Thought about it for a long time but decided to go against it and to let myself express all that means something to me in the whole truth and nothing but the truth. What would you accomplish by writing incognito? Write what you want we will love you anyway.
Can be trouble if people who don’t count in to the closest circle of friends reads it and thereby gets to know you at a level were they shouldn’t. But that what it’s for according to me. Naked and with so much self confidence that you can do it. If someone has a problem with it, fuck them. Don’t need such assholes anyway.
Trust me my mom doesn’t want to know everything I do. But then she shouldn’t read it. I am who I am and well that’s it.
Don’t go incognito on us. It’s only a way of not trusting your surrounding. (all in all its up to you and I can understand it when it comes to colleagues reading it.)
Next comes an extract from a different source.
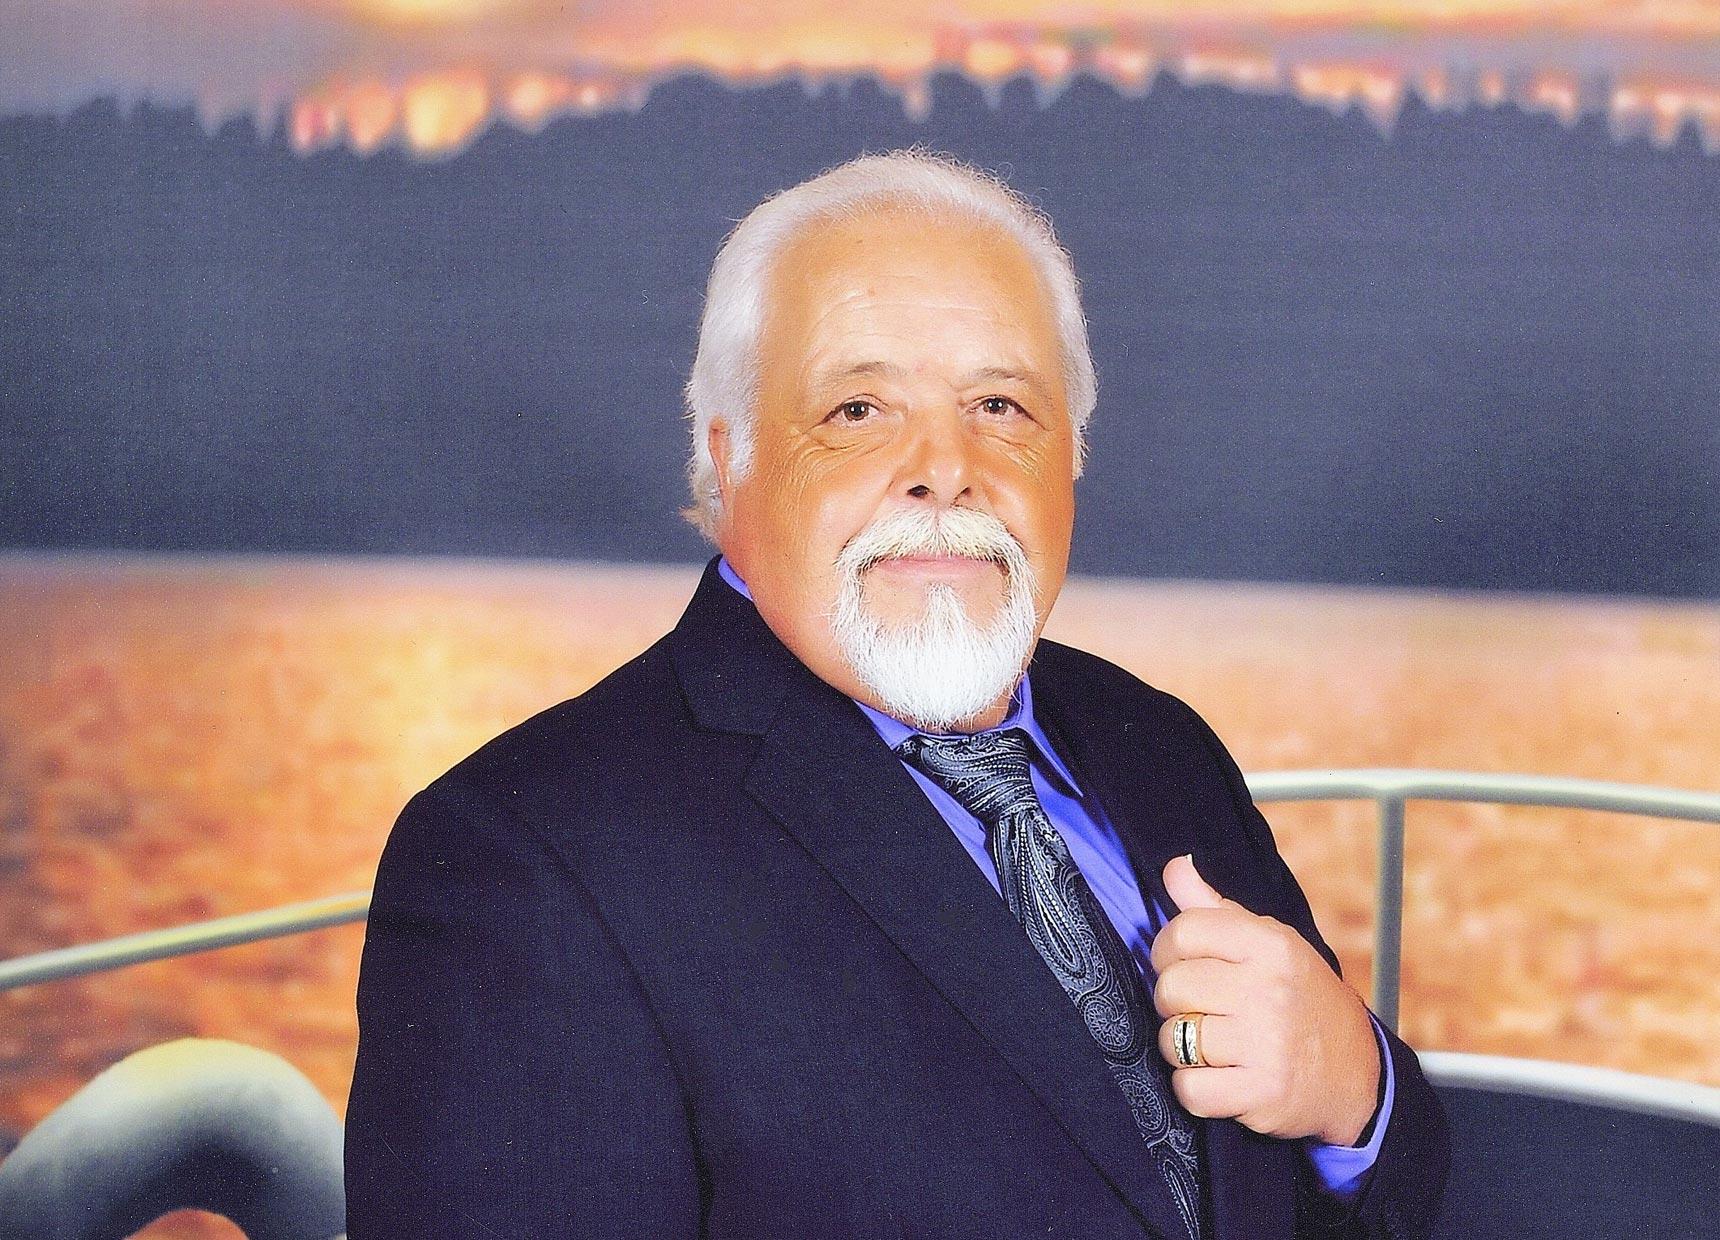 Paul Trupiano

Stand up for yourself and let yourself be seen, you are too much worth to slip into anonymity.

PerOskar said...

What I would accomplish by writing incognito is the freedom to be extremely honest and creative. Andreas, you may think you know me and you claim you will like me whatever I write. Would you? Or would you turn out to be an "asshole" I don't need, as you put it? And again, it's this duscussion of honesty. There is no way I would expose my most inner thoughts to whoever wanted to see. Such intimacies are too often also weak spots, chinks in the armor for your enemies to jab their swords into. Or for your friends to recoil in horror from, wondering what the h*ll they ever saw in you. I don't think its an issue of self confidence.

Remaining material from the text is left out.